• Recorded information

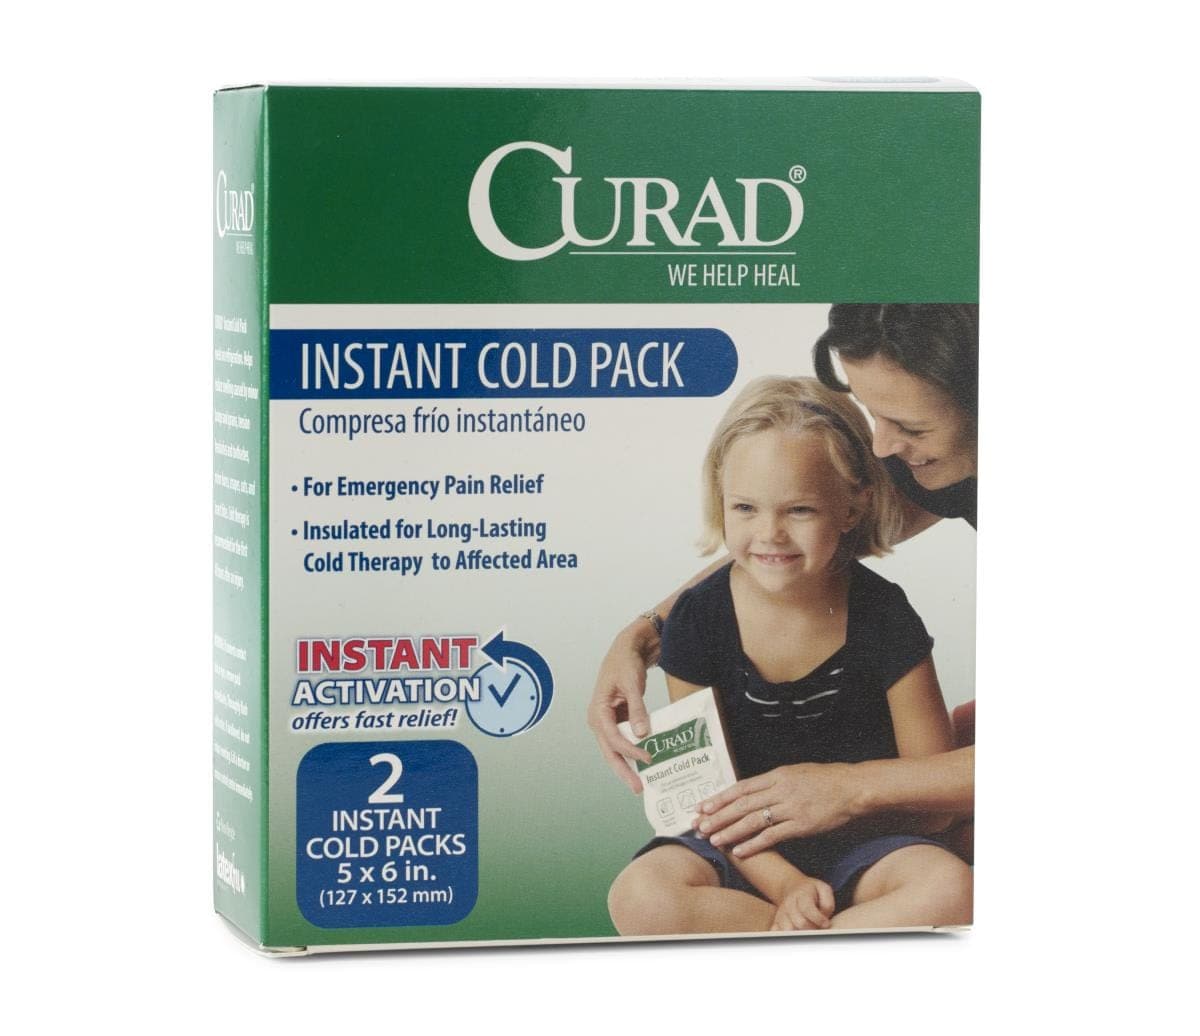 Medline Medline CURAD Instant Cold Packs
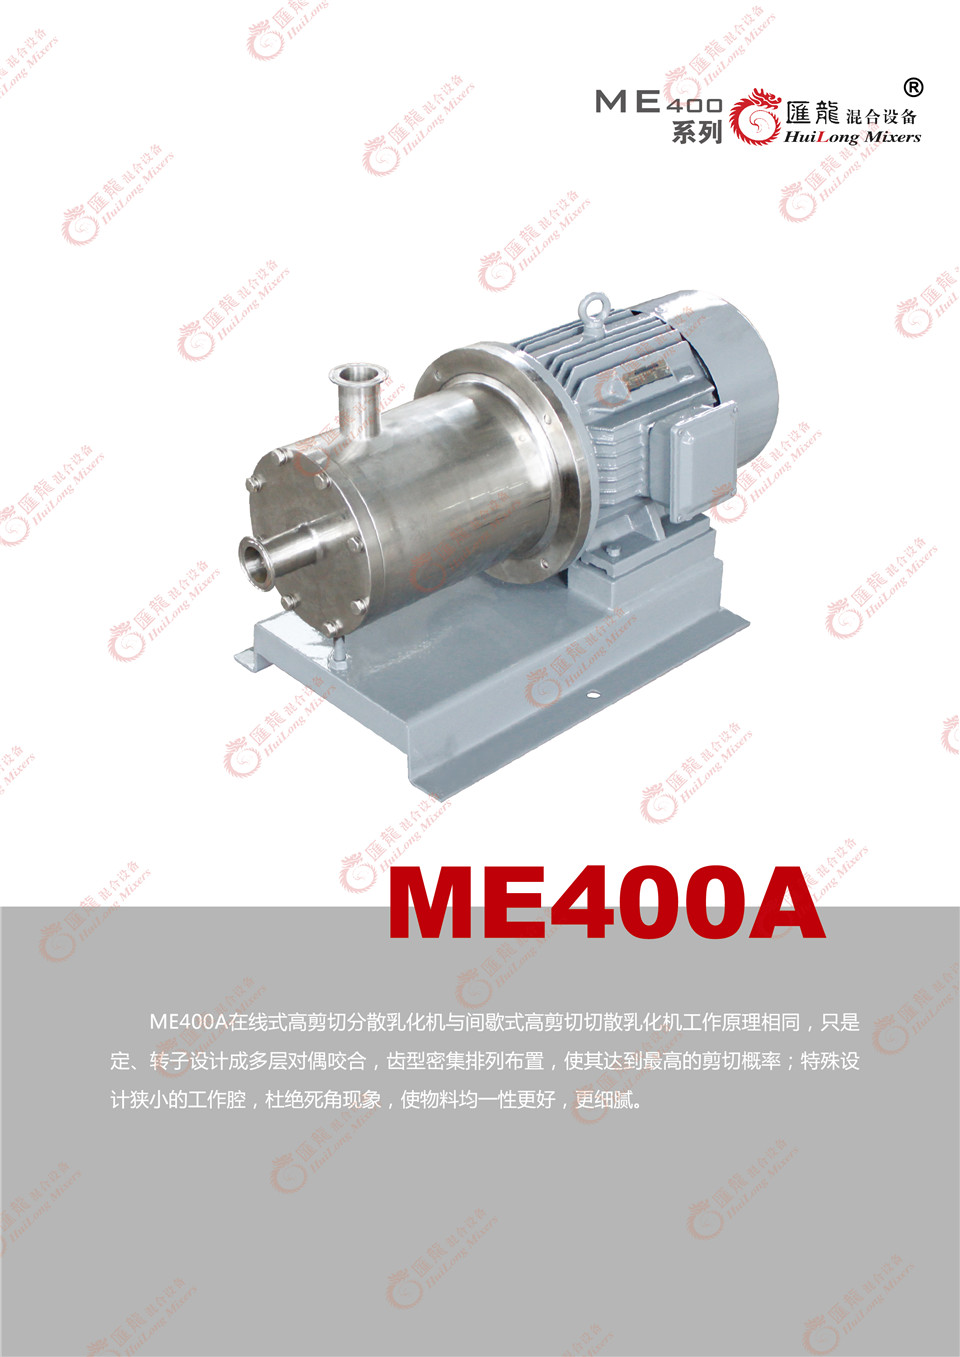 “ME400C-3型乳化机”/
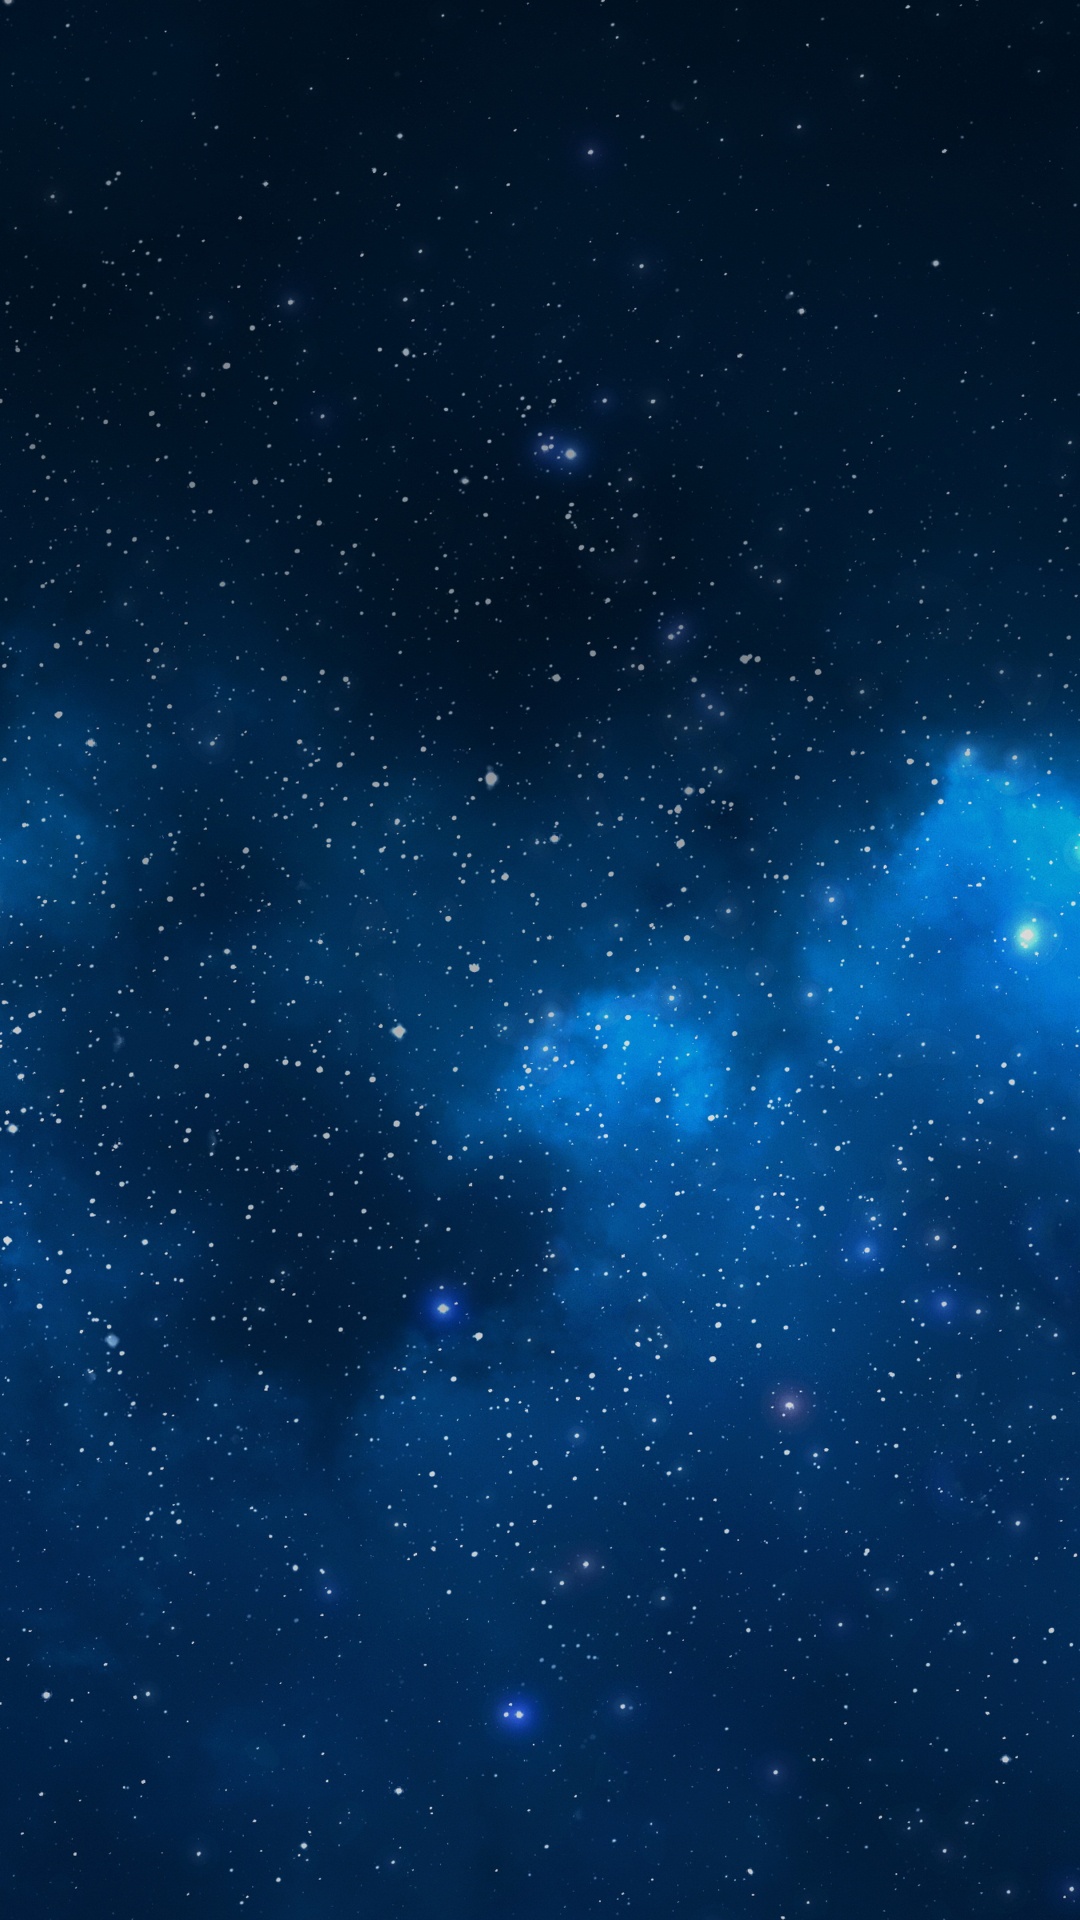 天文学对象, 外层空间, 空间, 夜晚的天空, 明星 壁纸 1080x1920 允许
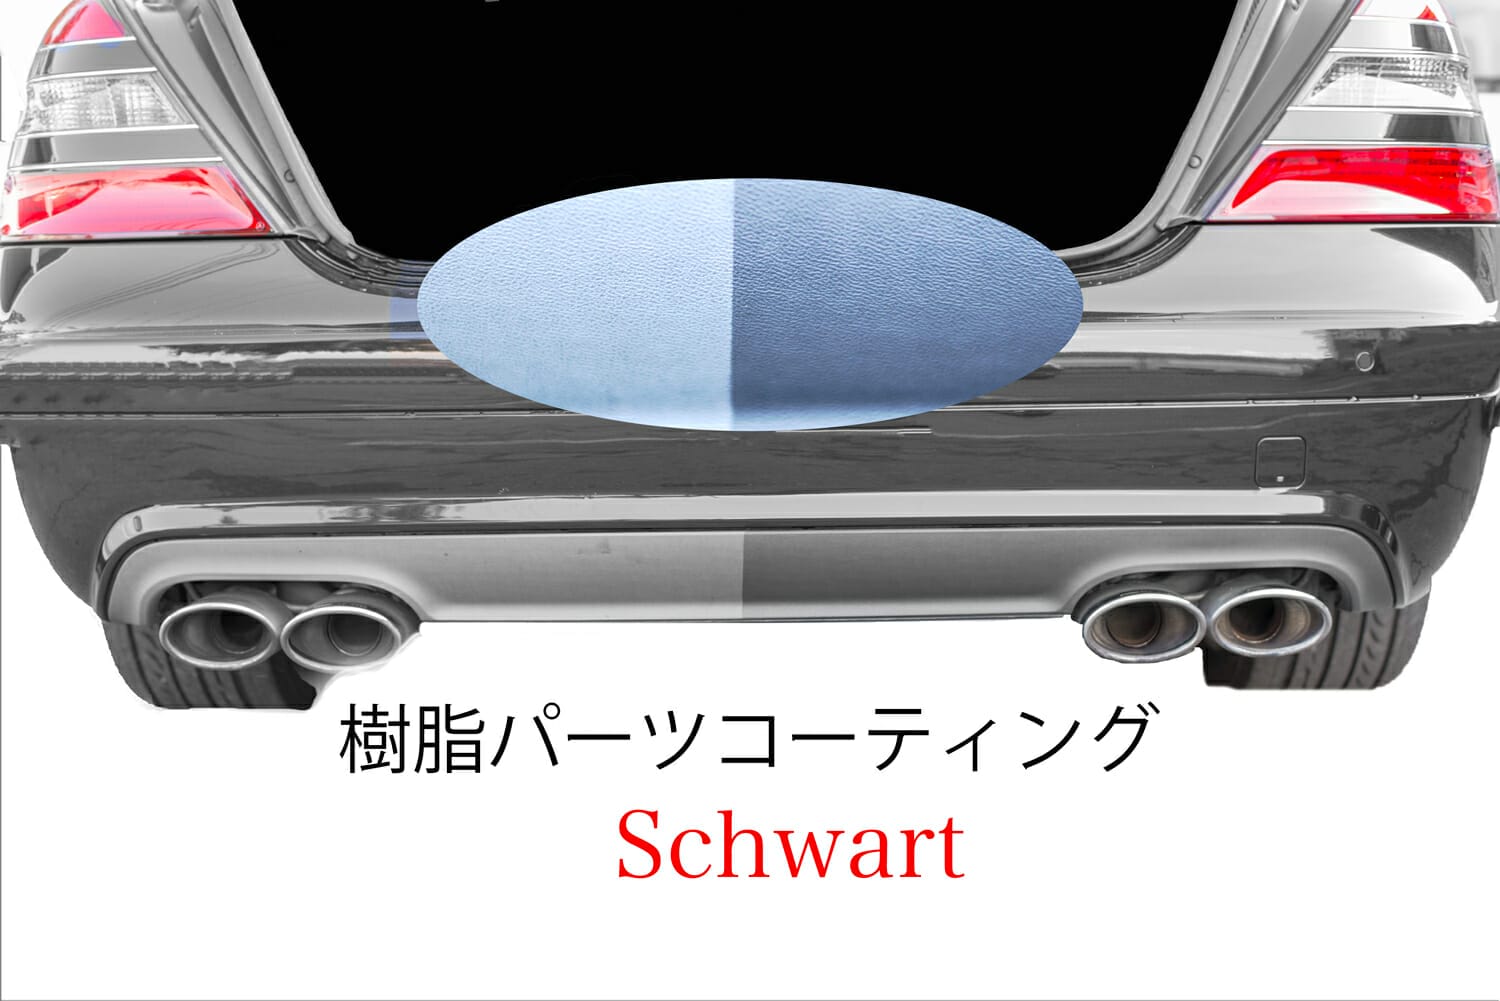 樹脂パーツコーティング Schwarz シュバルツ 劣化による白濁を黒色に 新車時に施工で樹脂パーツ劣化防止

• Exercise goal
An exact copy of the listing above, minus its pictures, is what is needed here.

• Answer below
 Medline Medline CURAD Instant Cold Packs
 “ME400C-3型乳化机”/
 天文学对象, 外层空间, 空间, 夜晚的天空, 明星 壁纸 1080x1920 允许
 樹脂パーツコーティング Schwarz シュバルツ 劣化による白濁を黒色に 新車時に施工で樹脂パーツ劣化防止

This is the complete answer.